Catherine’s struggle is between her need for social acceptance and her passion for the unacceptable Heathcliff. Edgar alone can provide Catherine with the luxurious comfort of the crimson upholstered room she first viewed from the parlor window and he alone who can impart to her the air of respectability she longs for. She knows she does not love Edgar with the same depth of passion she feels for Heathcliff as she states herself late in chapter nine, “My love for Linton is like the foliage in the woods: time will change it, I’m well aware, as winter changes the trees.” However, her passion for Heathcliff is compared with lightening and fire. “My love for Heathcliff resembles the eternal rocks beneath: a source of little visible delight, but necessary. Nelly, I AM Heathcliff! He’s always, always in my mind: not as a pleasure, any more than I am always a pleasure to myself, but as my own being. So don’t talk of our separation again: it is impracticable” (Bronte 101). Heathcliff’s return forces Catherine to choose between her passion for comfort and acceptability and her passion for Heathcliff. She tells Nelly in chapter 12, “I remember being in the parlour after they had quarrelled, and Edgar being cruelly provoking, and me running into this room desperate. As soon as ever I had barred the door, utter blackness overwhelmed me, and I fell on the floor. I couldn’t explain to Edgar how certain I felt of having a fit, or going raging mad, if he persisted in teasing me! I had no command of tongue, or brain, and he did not guess my agony, perhaps: it barely left me sense to try to escape from him and his voice.” Because she cannot reconcile herself between her matrimonial vows and her passion for Heathcliff, Catherine wills herself to death.

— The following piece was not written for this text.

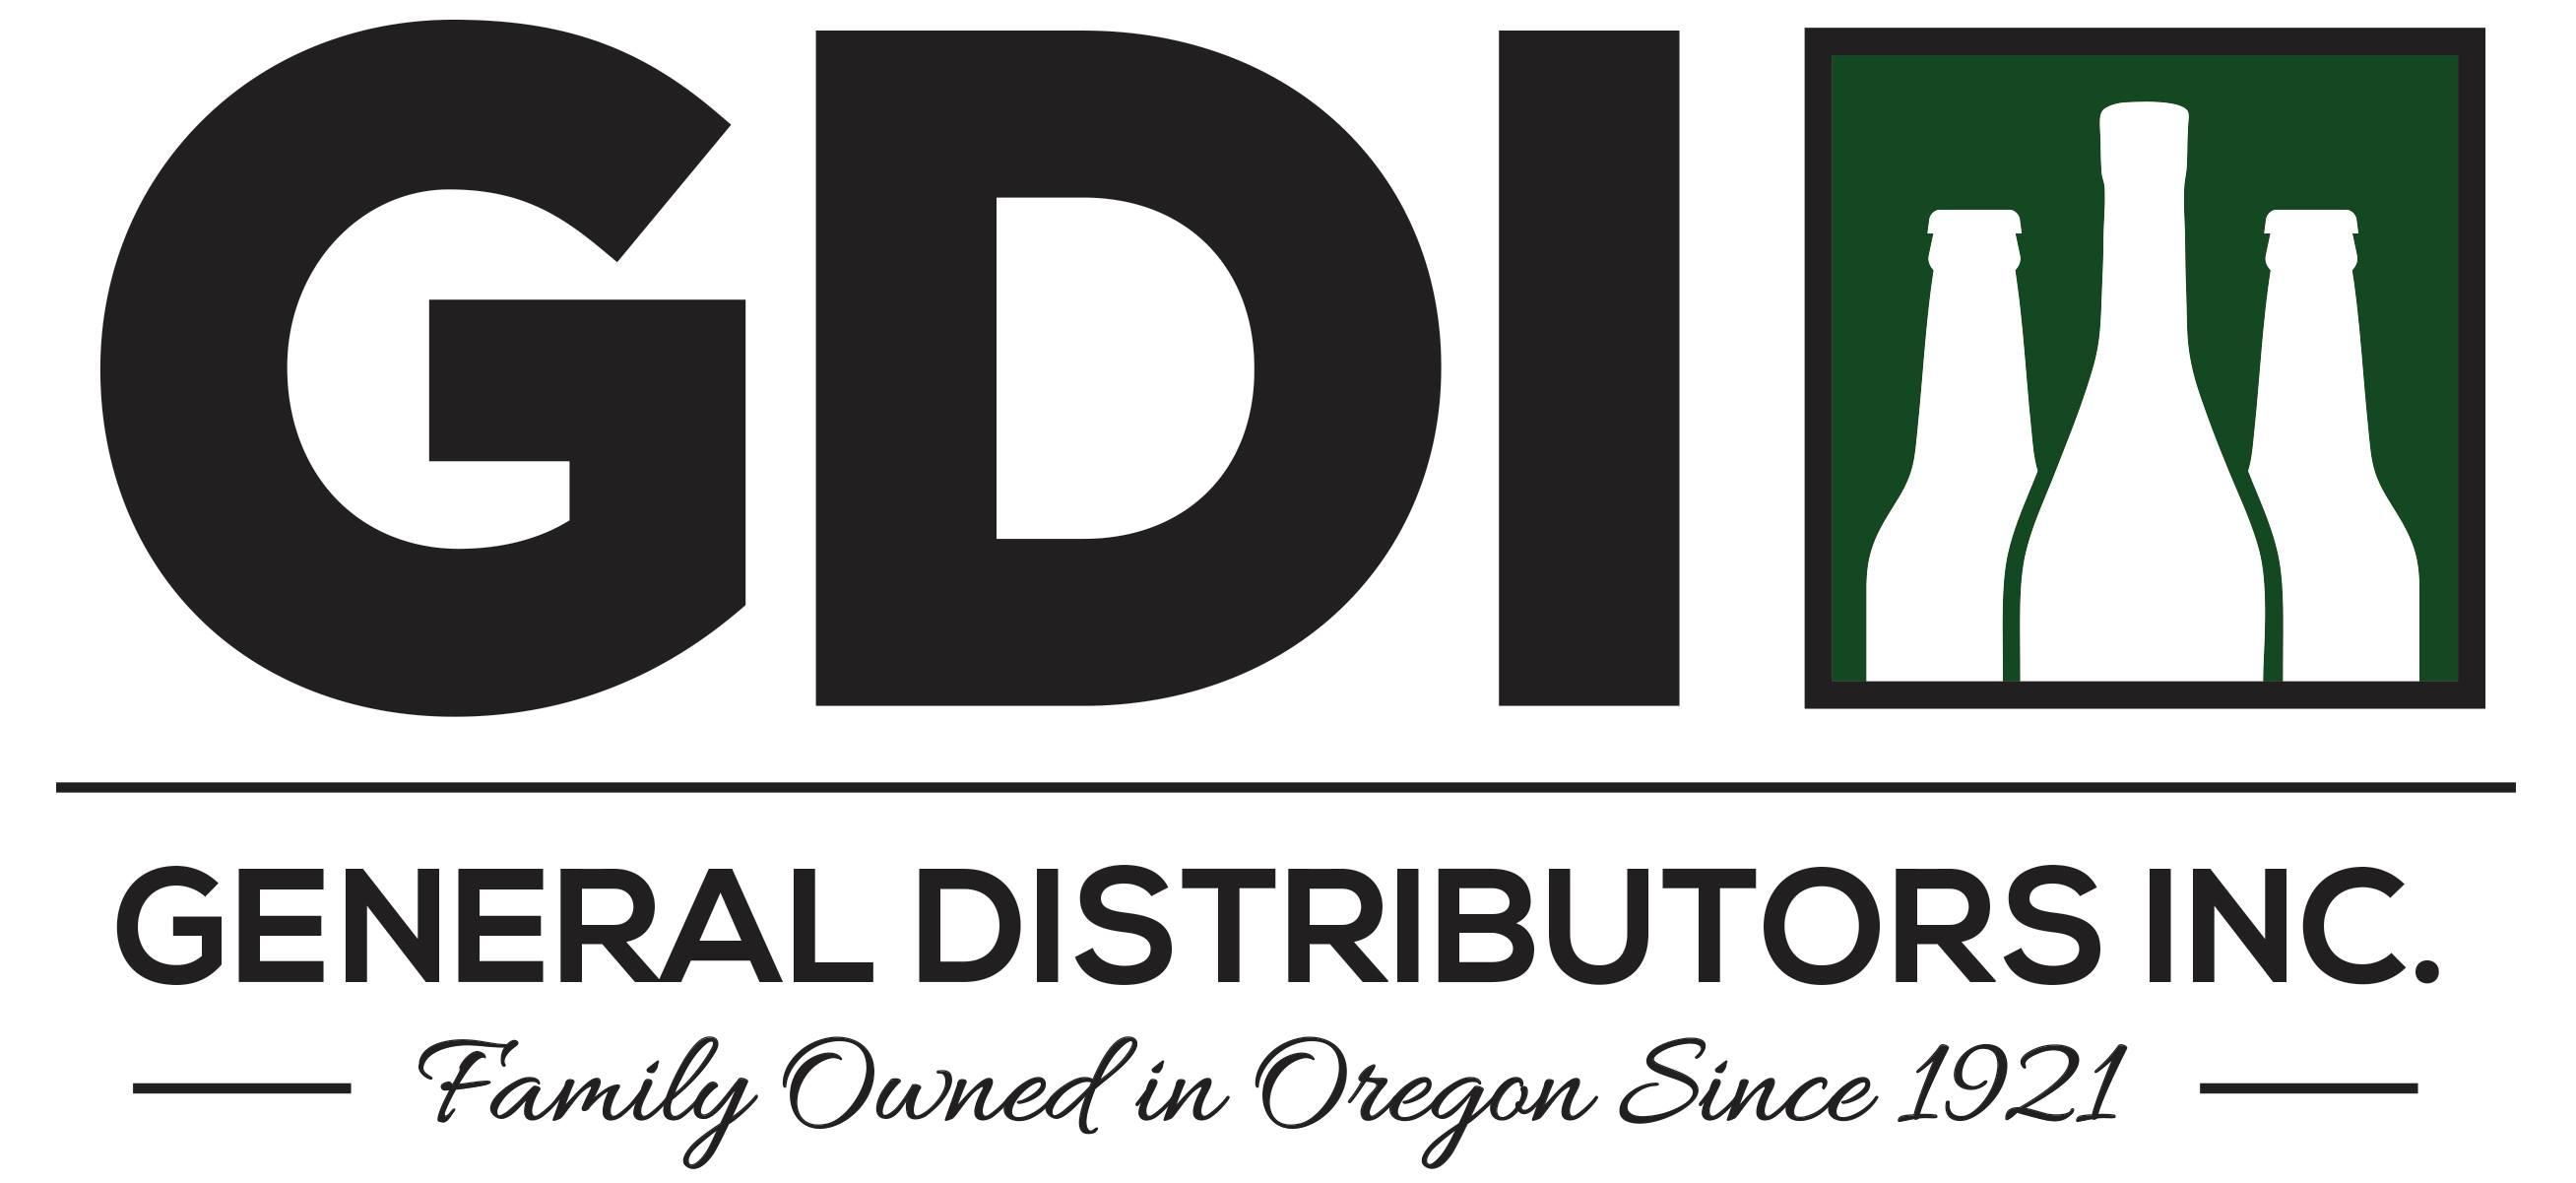 General Distributors logo

It may seem that there is little similarity between these two women given their personalities. While Ophelia’s struggle is between her romantic passion and her familial passion, Catherine struggles with her internal passions for comfort and for Heathcliff. Ophelia “is unaware that her elders are dangling her for their own purposes, she believes they are solely and sincerely concerned to restore Hamlet to his true state and to let her help him if she can” (Walker, 1948: 57), while Catherine purposely places her own welfare on the line demanding that the men rescue her by giving in to her demands. However, in both cases, the woman’s passion is seen to be the catalyst that drives her over the edge of sanity and leads to her inevitable death.
In both of these stories, the women are overcome by their female passions. Because they are unable to find a sense of balance or a means of satisfying both passions, their emotions overcome their fragile minds and they slip into insanity, which leads quickly into death. Although there are differences between the two women, Ophelia is meek and submissive while Catherine is willful and stubborn, both women suffer from an excess of passion reinforcing the concept that women must be protected from excessive emotional experiences.
Bronte, Emily. Wuthering Heights. New York: Dodd, Mead & Company, 1942.
Shakespeare, William. “Hamlet.’ The Complete Works of Shakespeare. Alfred Harbage (Ed.). London: Penguin Books, 1969, pp. 930-976.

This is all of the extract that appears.